Esse foi o objeto de estudo de Fernando José Lourenço Filho, professor de história que analisou, em dissertação de mestrado, a trajetória de Pelé e a forma como a imprensa o retratou ao longo dos anos. O pesquisador fez um levantamento de todas as menções ao nome de Pelé nos periódicos Gazeta Esportiva, Jornal dos Sports, Manchete Esportiva, Última Hora e O Cruzeiro, entre o início de sua carreira, em 1956, e a conquista da Copa do Mundo de 1958 pela seleção brasileira.

“Hoje, as habilidades de Pelé são inquestionáveis, mas ele nem sempre foi percebido pela mídia como um grande talento”, afirma Lourenço Filho.

Os jornais começaram a mudar de ideia em 1958, quando o Brasil viu nascer um prodígio na Copa do Mundo. Com apenas 17 anos, Pelé tornou-se o jogador mais jovem a marcar gol em uma final de Copa – e marcou não só um, mas dois gols naquele Brasil x Suécia. “Meu grande objetivo foi justamente observar como esta transformação ocorreu e identificar o momento em que Pelé se tornou Pelé”, explica o pesquisador.

O Rei

Naquele mesmo ano, a genialidade do jogador já havia sido reconhecida por Nelson Rodrigues, um dos escritores e jornalistas mais importantes da época. Rodrigues publicou uma crônica na qual deu o título de rei para Pelé pela primeira vez, depois de um Santos x América-RJ com quatro gols dele. Ao colocá-lo em uma posição de tanto destaque, o escritor e jornalista “fez dele, mesmo ainda muito jovem, um protagonista da luta contra o racismo no Brasil – um racismo que era pouco debatido e bastante ignorado pela imprensa”, segundo Lourenço Filho.

O autor opina, ainda, que o jogador foi o brasileiro mais popular no mundo durante seu auge. “Falar de Pelé, um jovem negro em início de carreira, e cuja figura ocupou um papel de destaque no imaginário brasileiro na segunda metade do século 20, é também falar sobre os significados de ser negro em uma sociedade estruturalmente racista, como é a brasileira. Além disso, busco compreender como esta mesma sociedade trata estes indivíduos negros que ascendem socialmente”, destaca Lourenço Filho. O pesquisador afirma que a figura de Pelé cristalizou o espírito do Brasil da época, que era – e ainda é – um país apaixonado pelo esporte e pelo futebol. “E se tudo isso ainda por cima fosse pouco, ele se tornou a personificação do esporte mais popular do planeta”.
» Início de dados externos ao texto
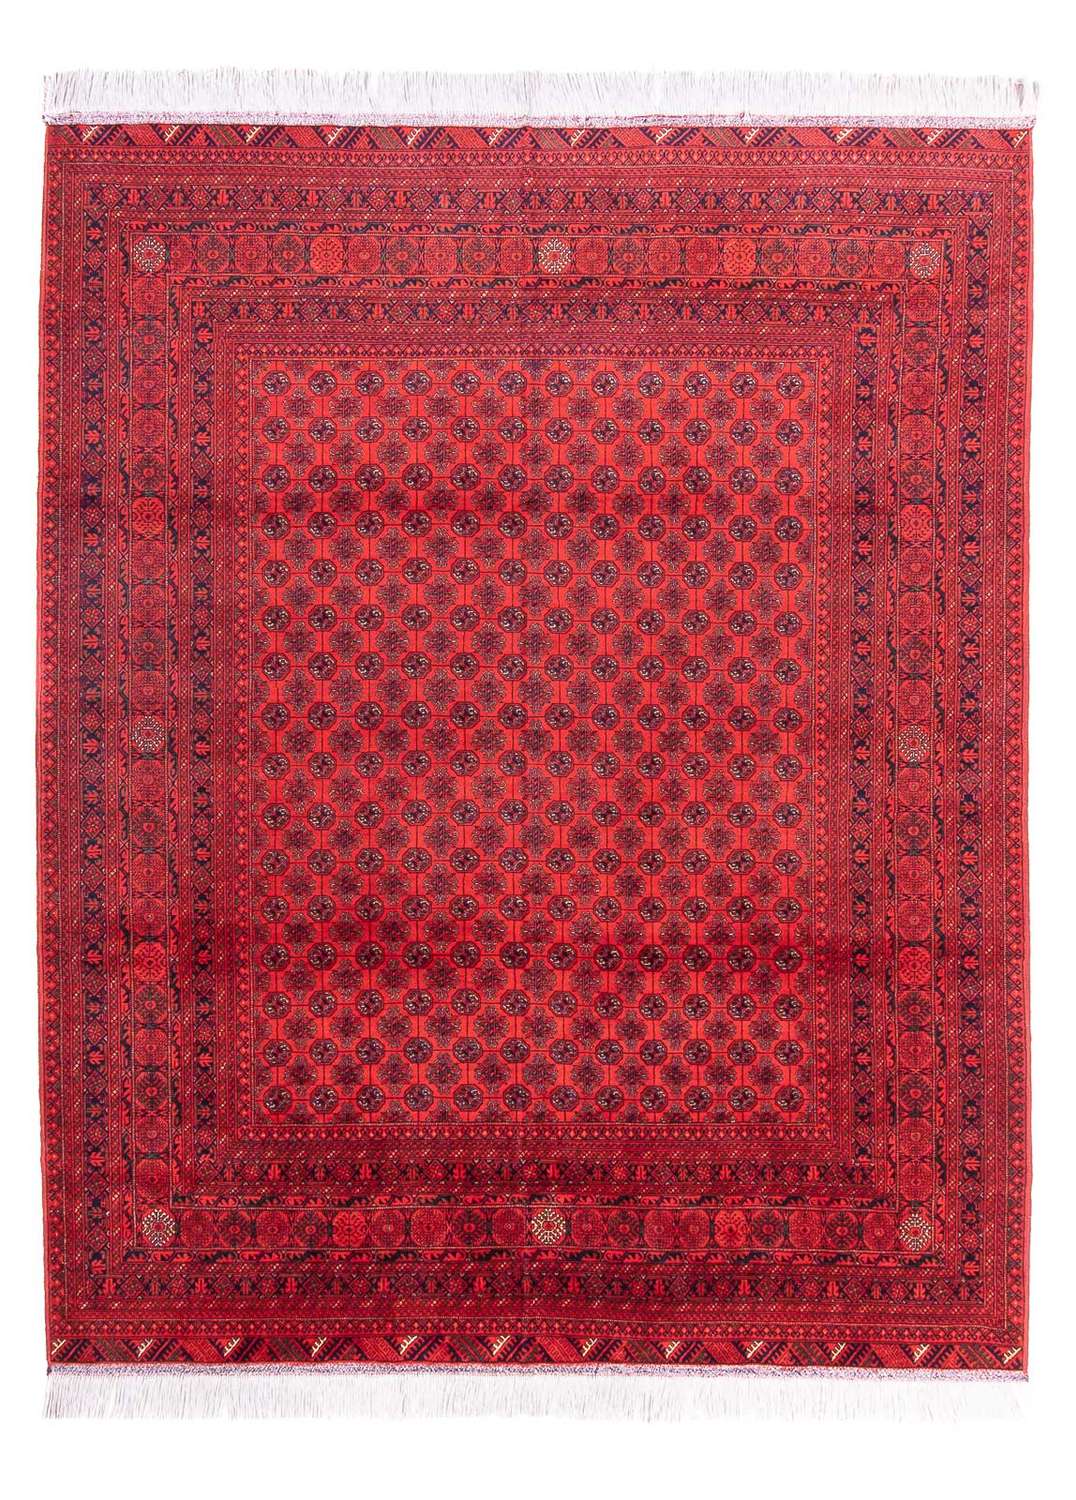 Afghan Rug - 387 x 298 cm - red
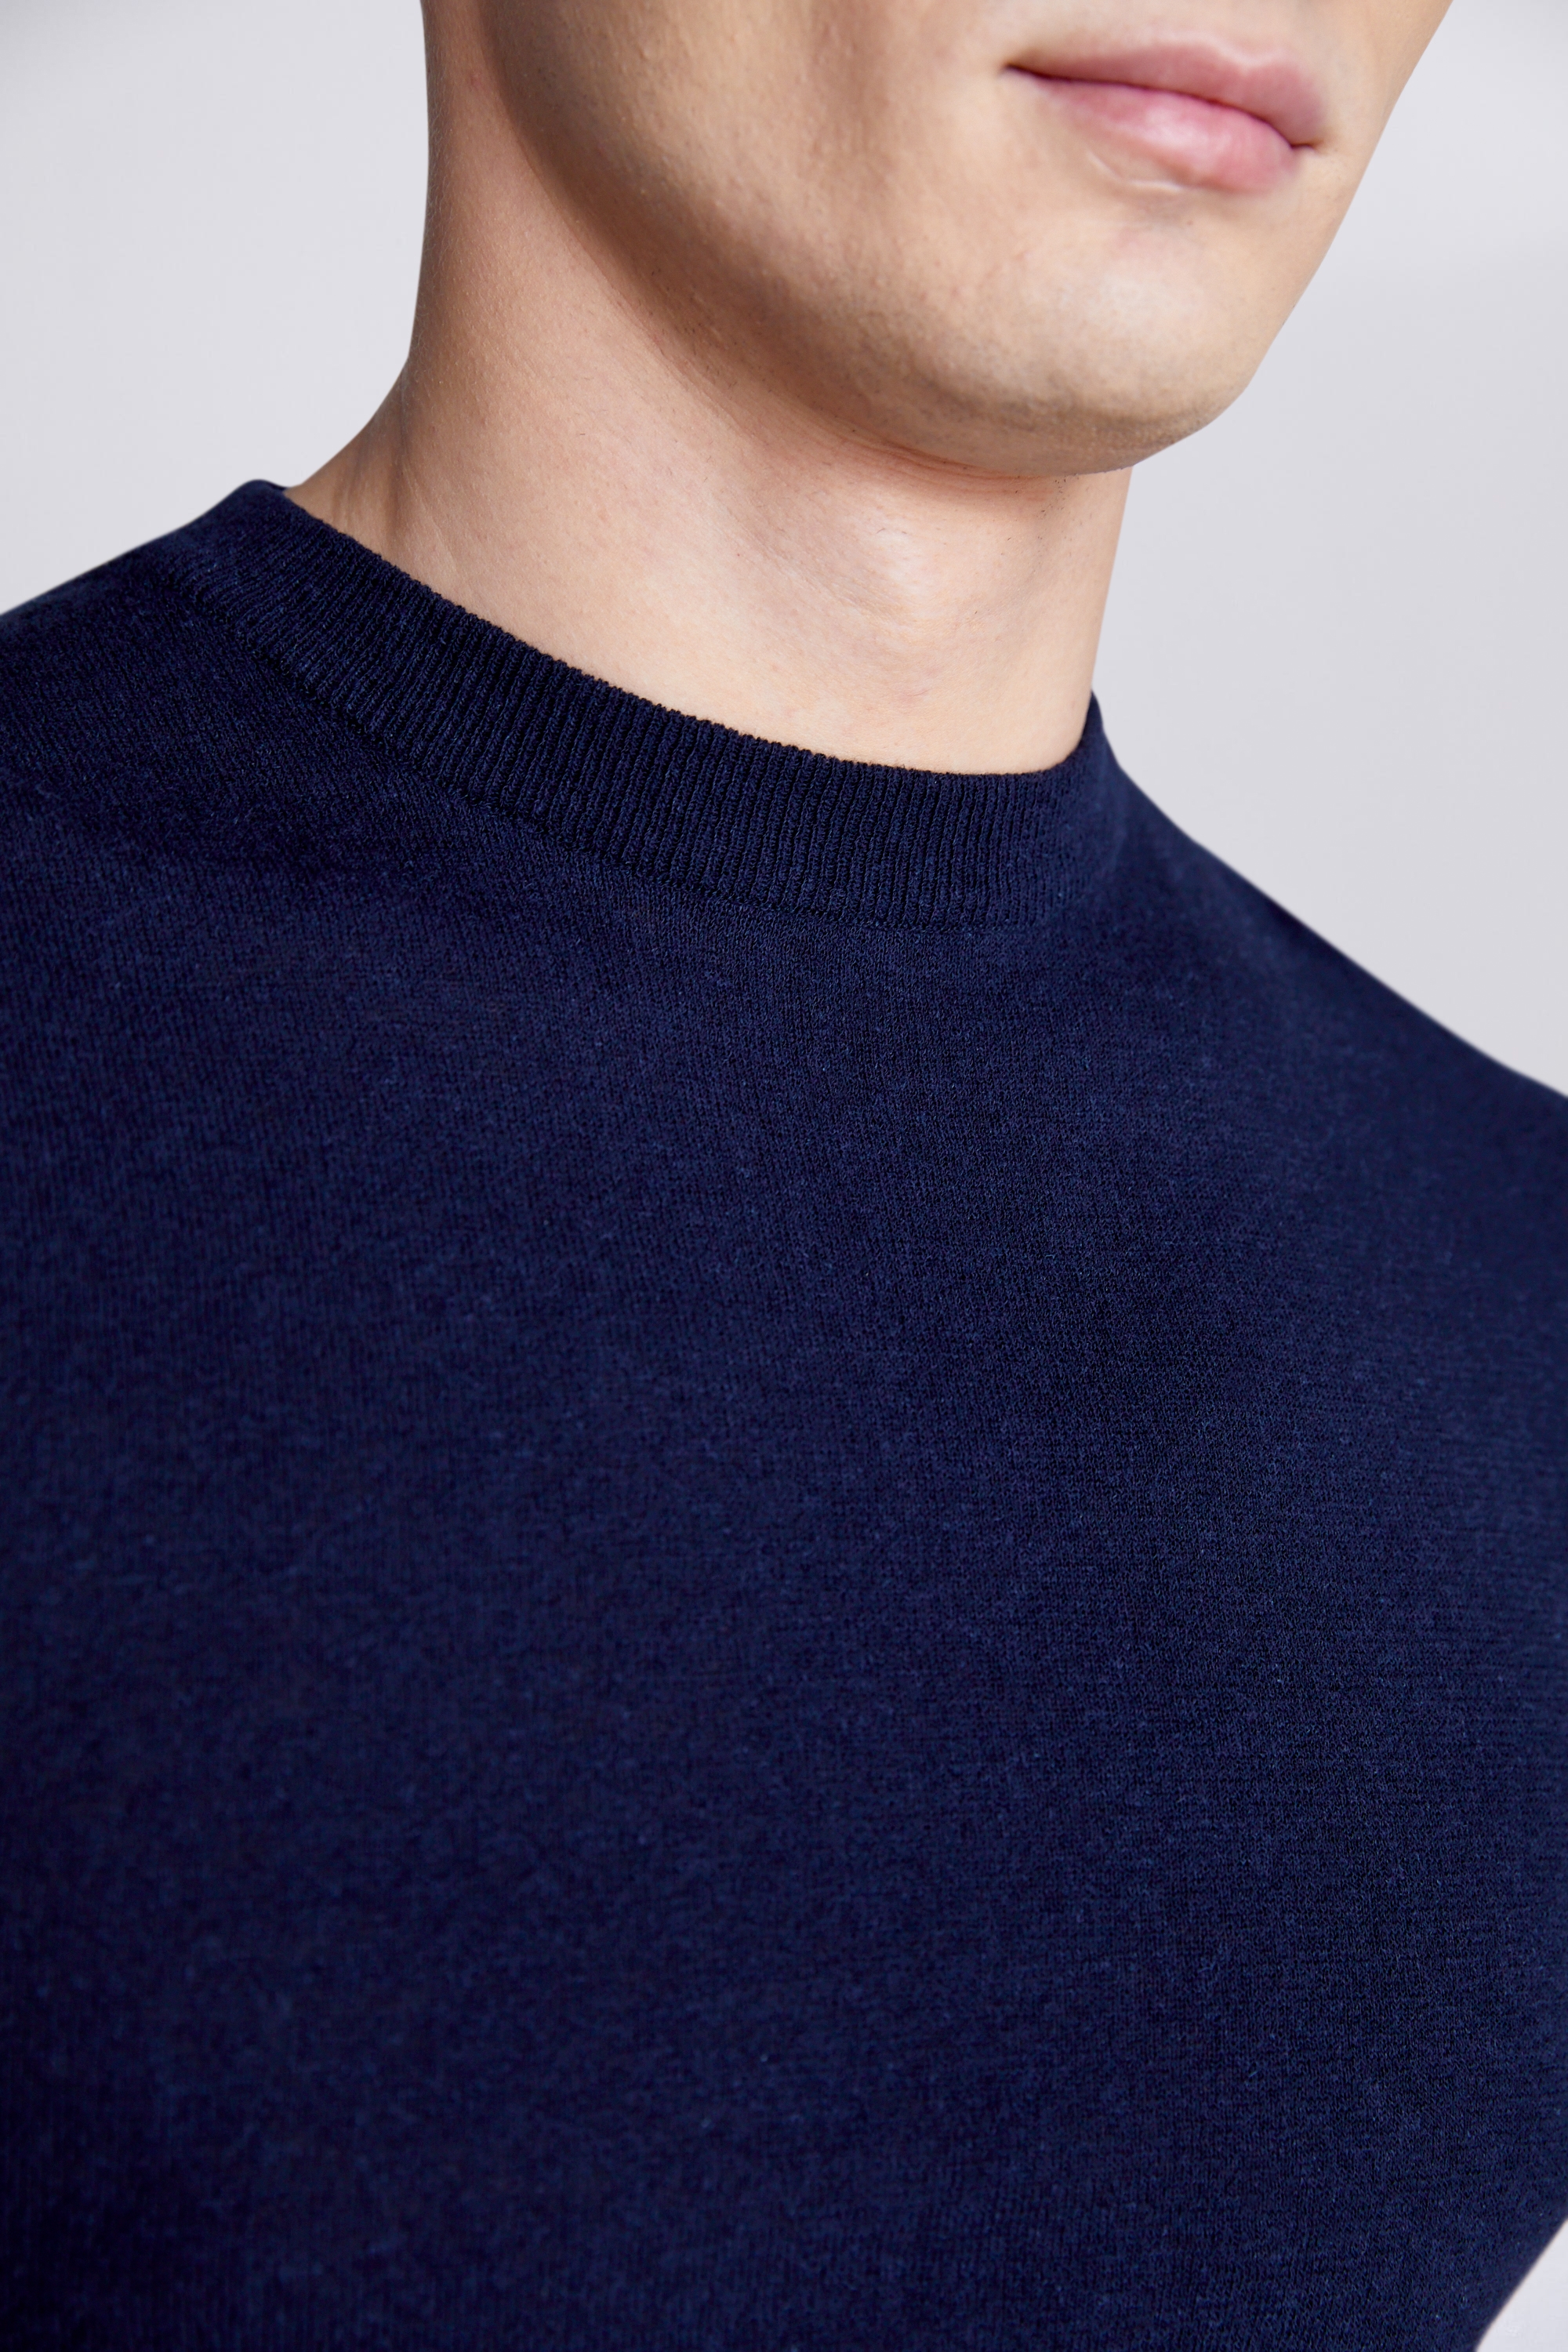 Linen Blend Navy T-shirt | Buy Online at Moss
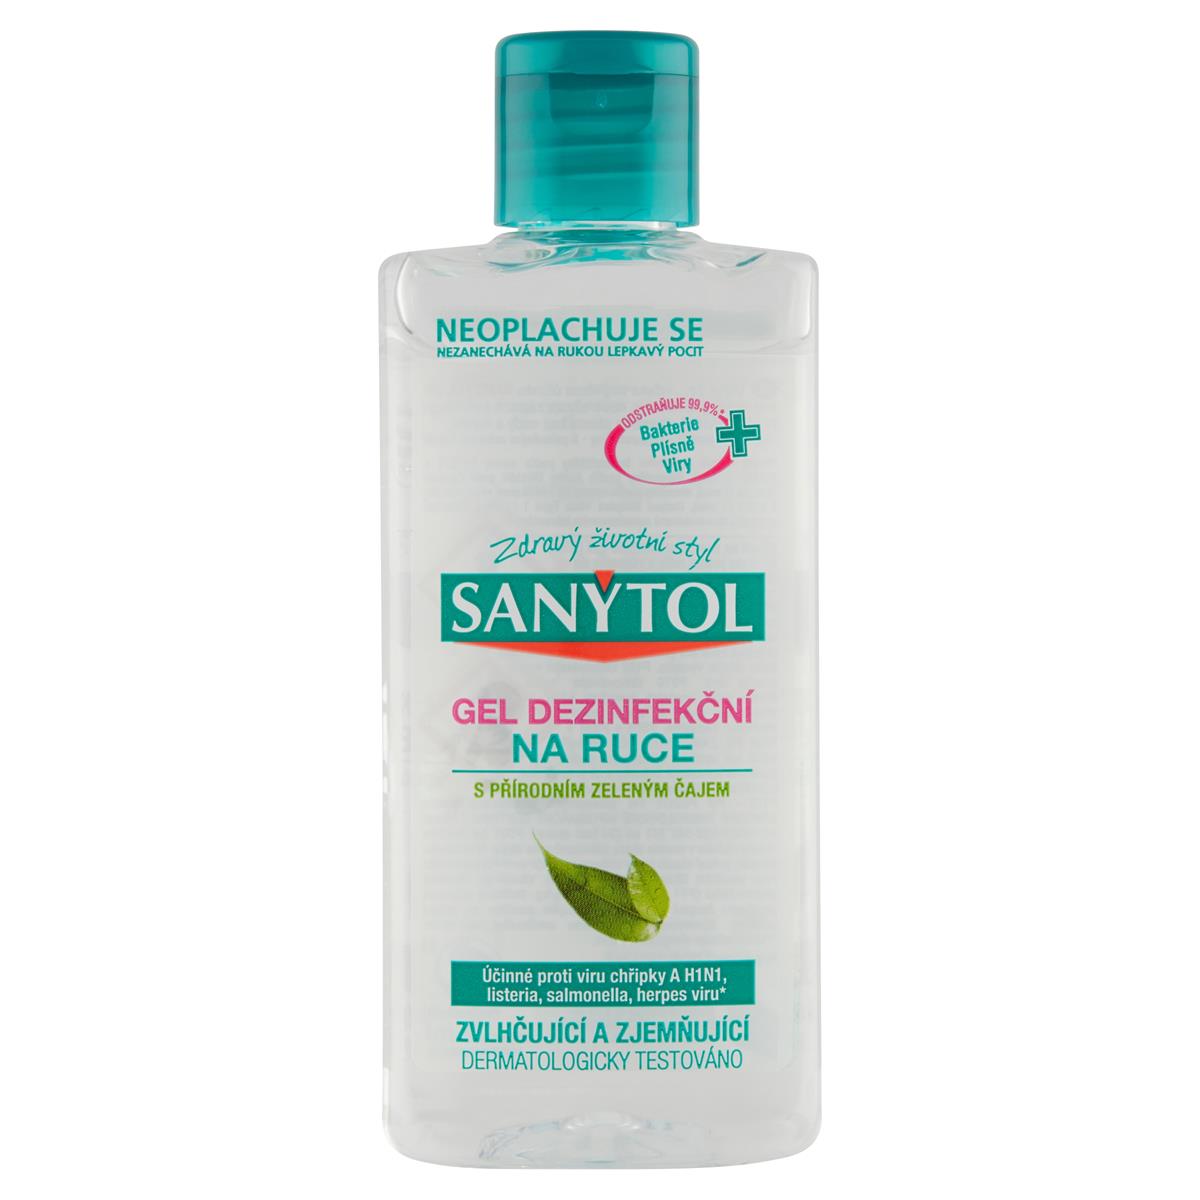 Sanytol dezinfekční gel na ruce, ničí viry a bakterie, 75 ml

A dissertação de mestrado Tornar-se Pelé: a ascensão de um jovem jogador negro no futebol brasileiro, escrita por Fernando José Lourenço Filho e orientada pelo professor Flavio de Campos, foi defendida em novembro de 2023 no âmbito do programa de Pós-Graduação em História Social da Faculdade de Filosofia, Letras e Ciências Humanas (FFLCH) da USP.